**Input:**
#####

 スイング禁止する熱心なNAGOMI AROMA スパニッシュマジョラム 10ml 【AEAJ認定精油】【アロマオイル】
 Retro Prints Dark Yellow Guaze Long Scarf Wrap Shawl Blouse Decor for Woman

#####

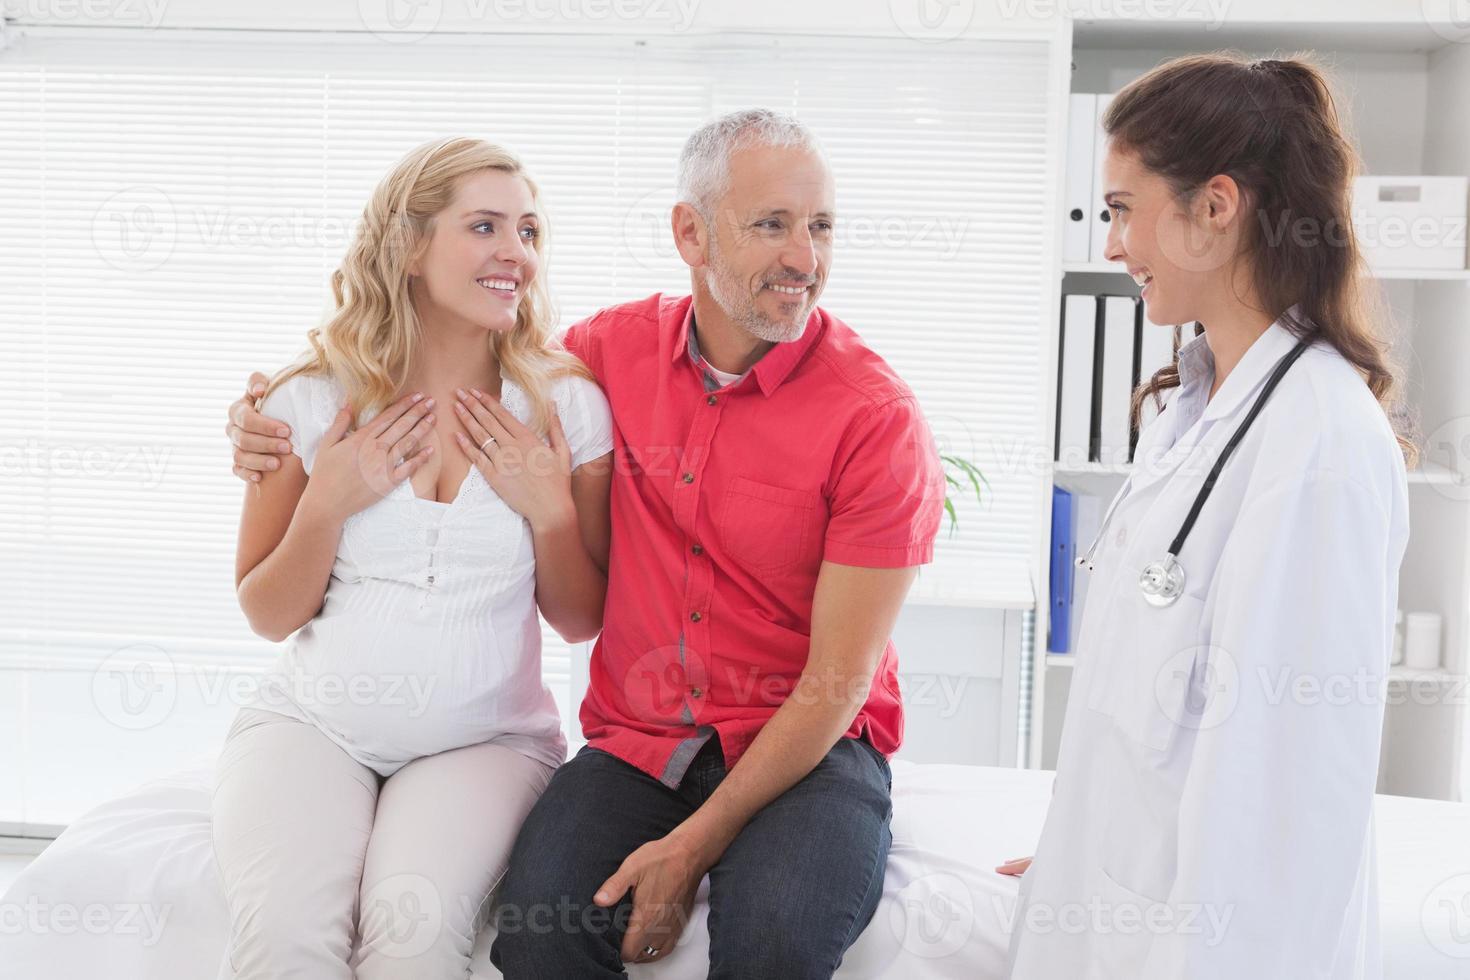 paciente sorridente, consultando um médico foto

#####

Among the entries above, copy exactly only the lines starting with the one containing "スイング禁止する熱心なNAGOMI AROMA スパニッシュマジョラム" and going through the one containing "Retro Prints Dark", both ends included.

**Task answer:**
 スイング禁止する熱心なNAGOMI AROMA スパニッシュマジョラム 10ml 【AEAJ認定精油】【アロマオイル】
 Retro Prints Dark Yellow Guaze Long Scarf Wrap Shawl Blouse Decor for Woman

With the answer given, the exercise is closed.